**Your assignment**
The output must consist only of the lines from the one with "670 lounge chair" through the end of the listing, restated exactly and free of pictures.

**Provided material**
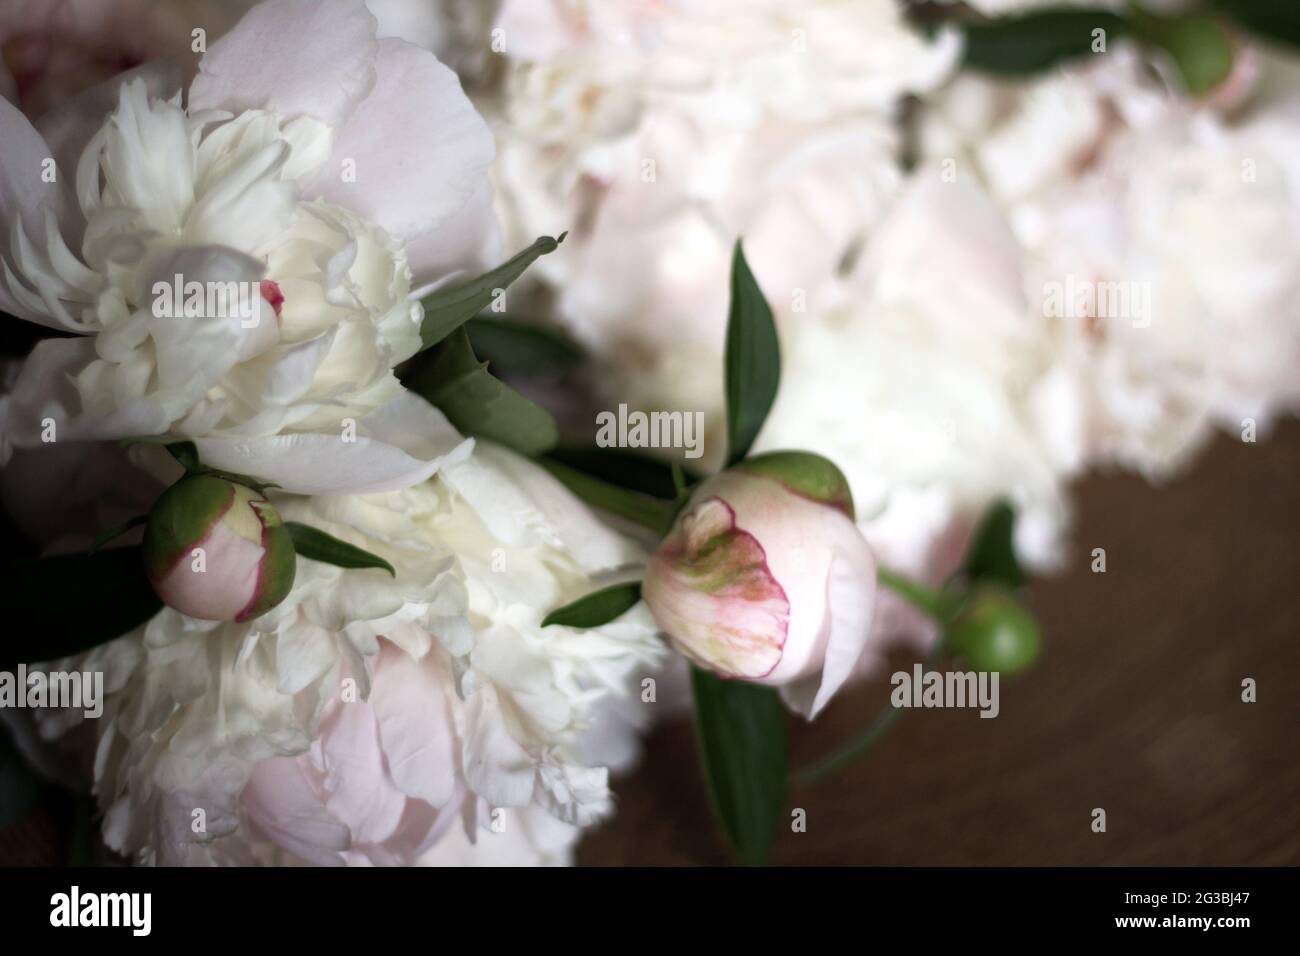 Close up of Beautiful Bouquet of Peonies Flowers. Peony Flower for Wedding Decor. Stock Photo
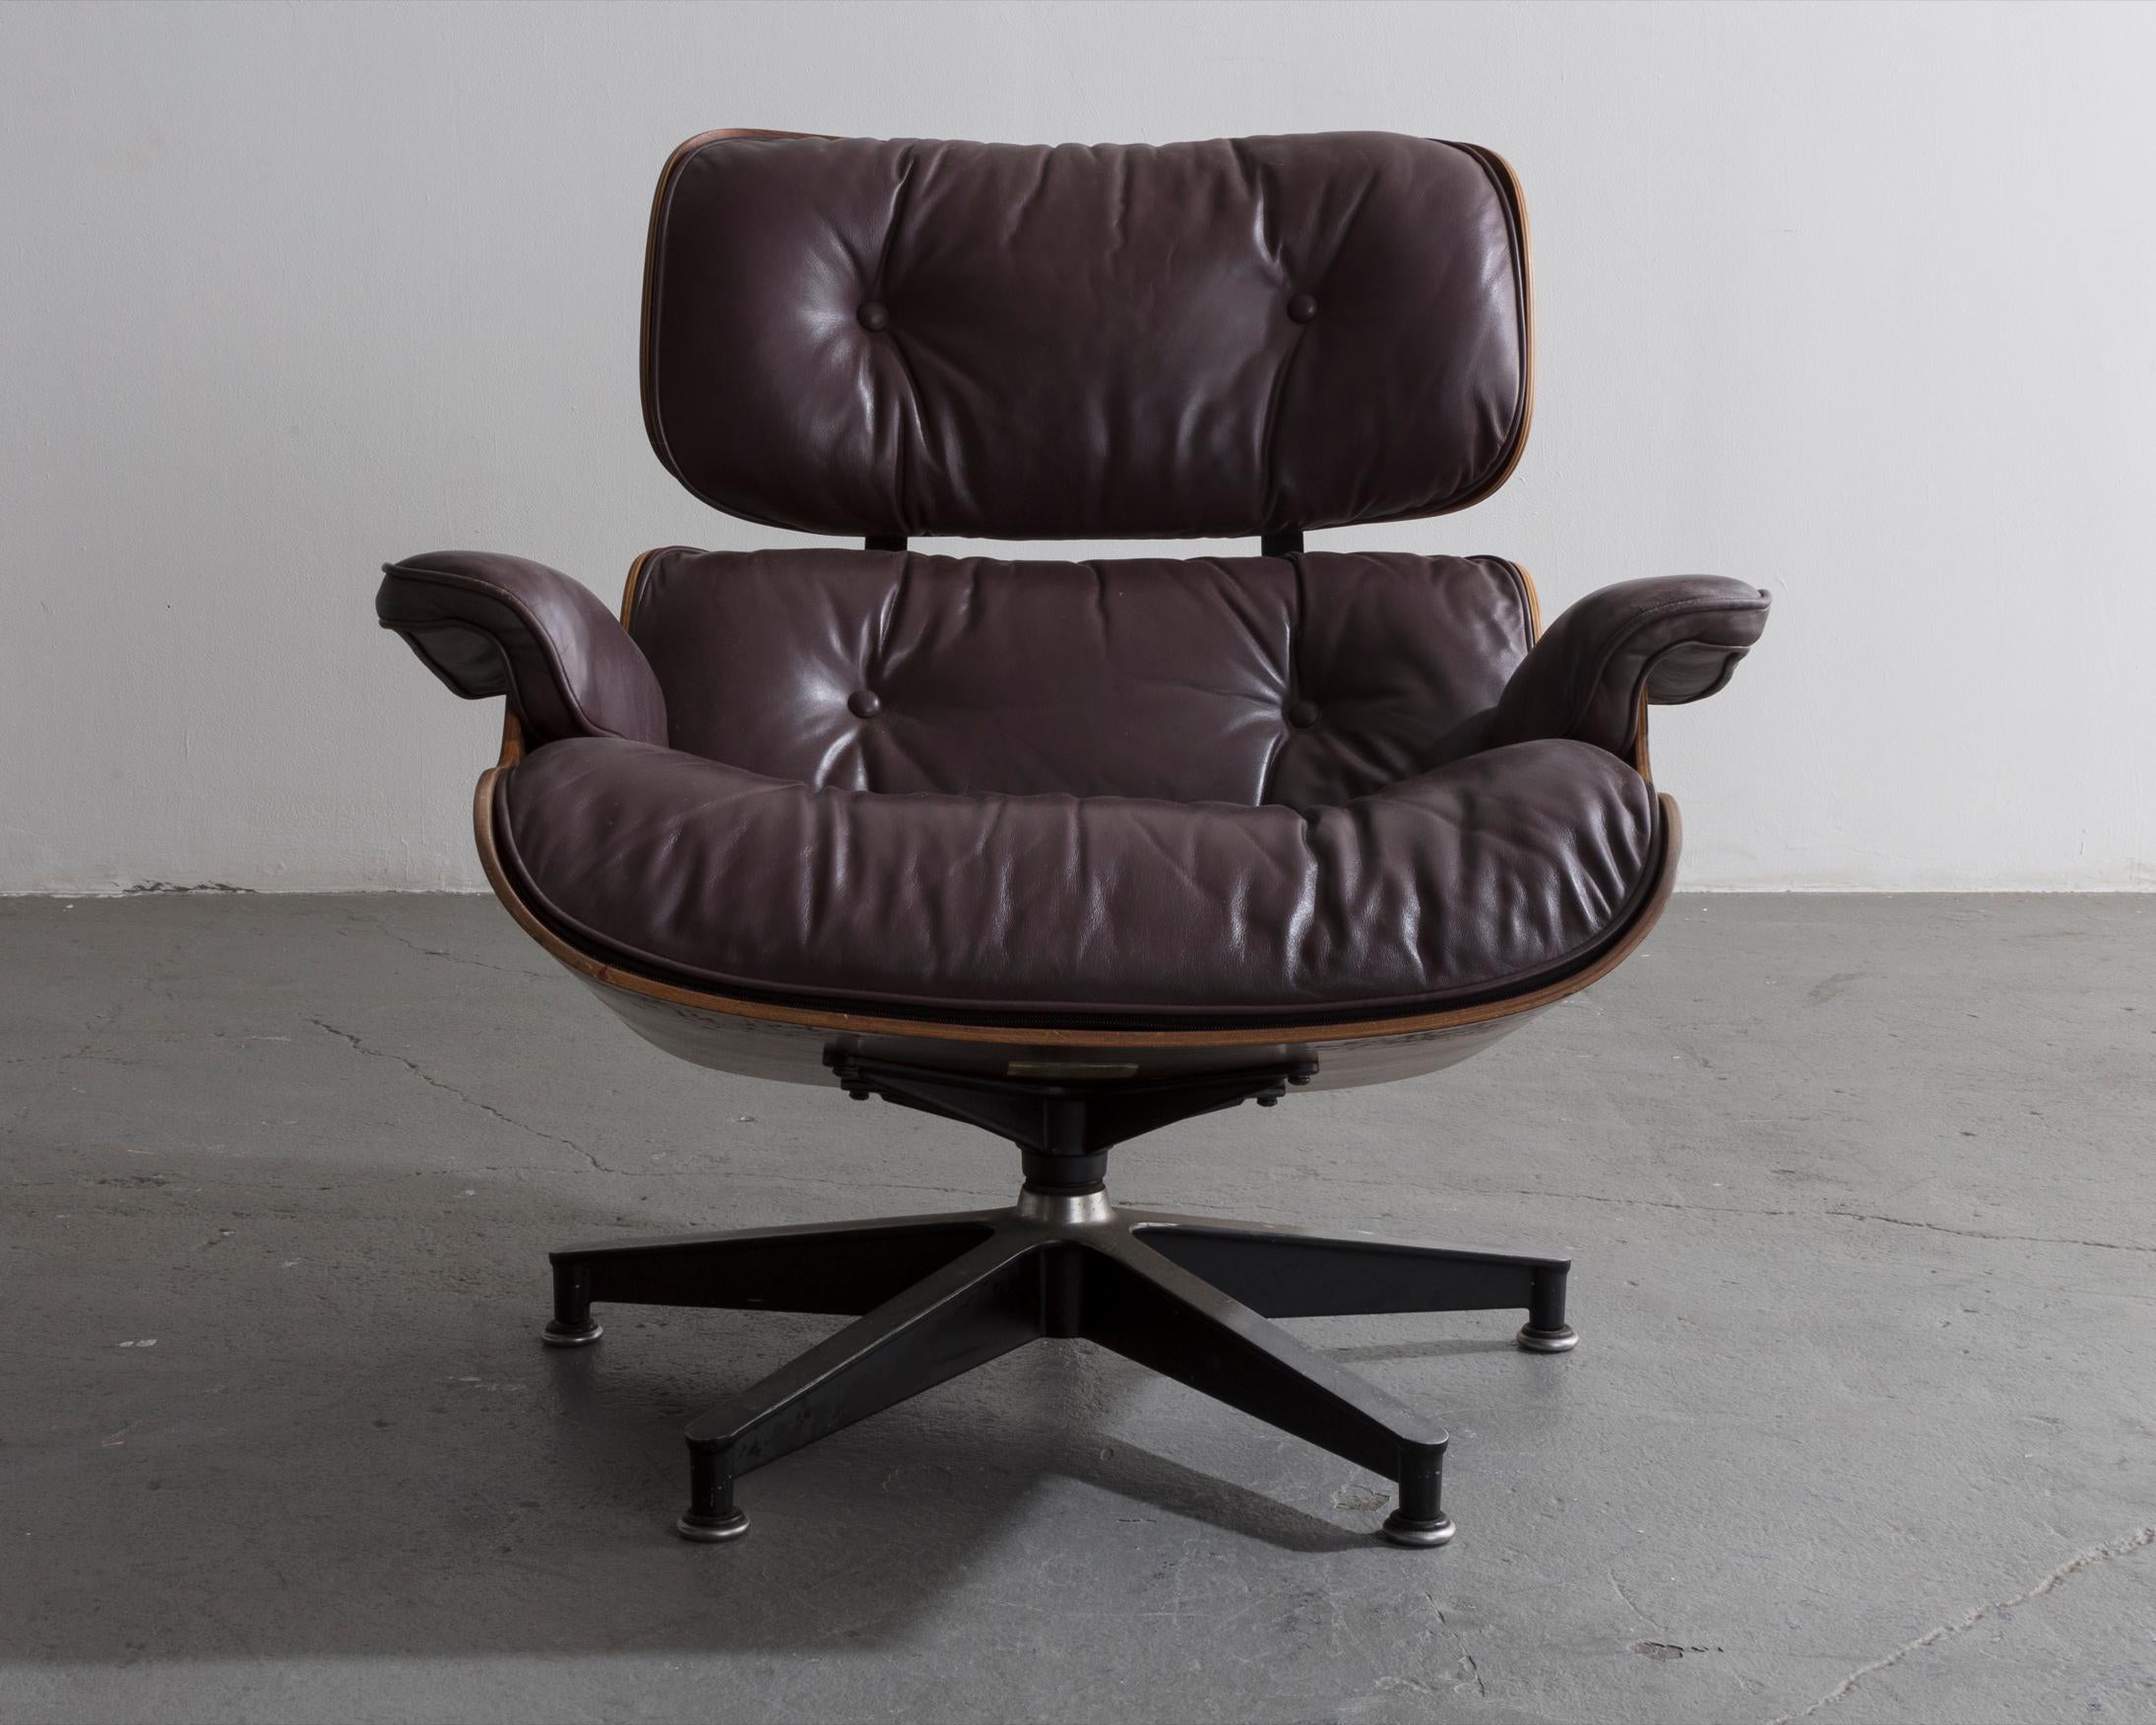 670 lounge chair and ottoman in rosewood with aubergine leather upholstery. Designed by Charles and Ray Eames for Herman Miller, USA, 1958.
   
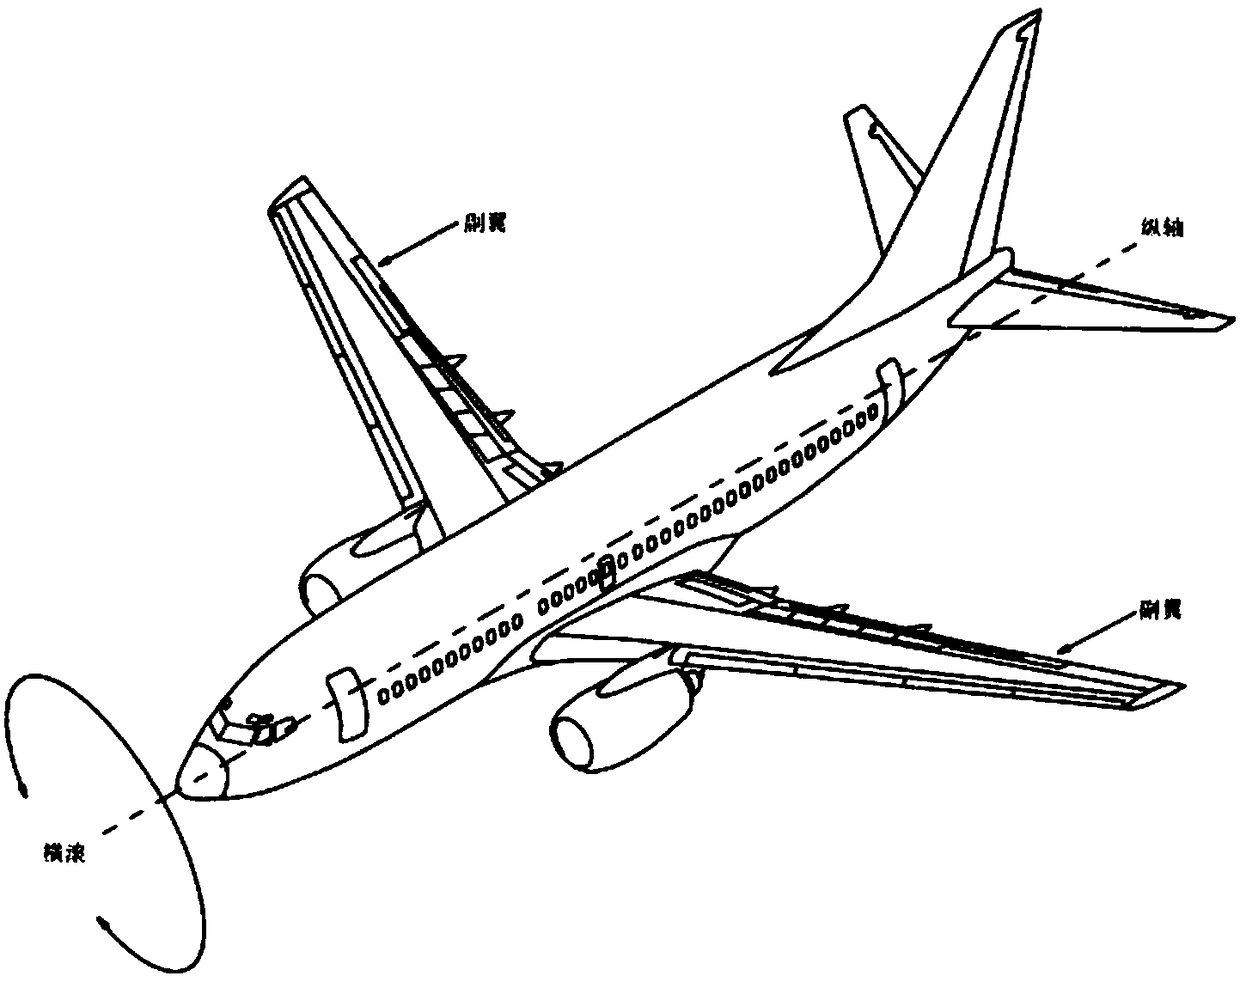 An operation efficiency increasing method based on a position change of an aileron connector

**Response**
 670 lounge chair and ottoman in rosewood with aubergine leather upholstery. Designed by Charles and Ray Eames for Herman Miller, USA, 1958.
   
 An operation efficiency increasing method based on a position change of an aileron connector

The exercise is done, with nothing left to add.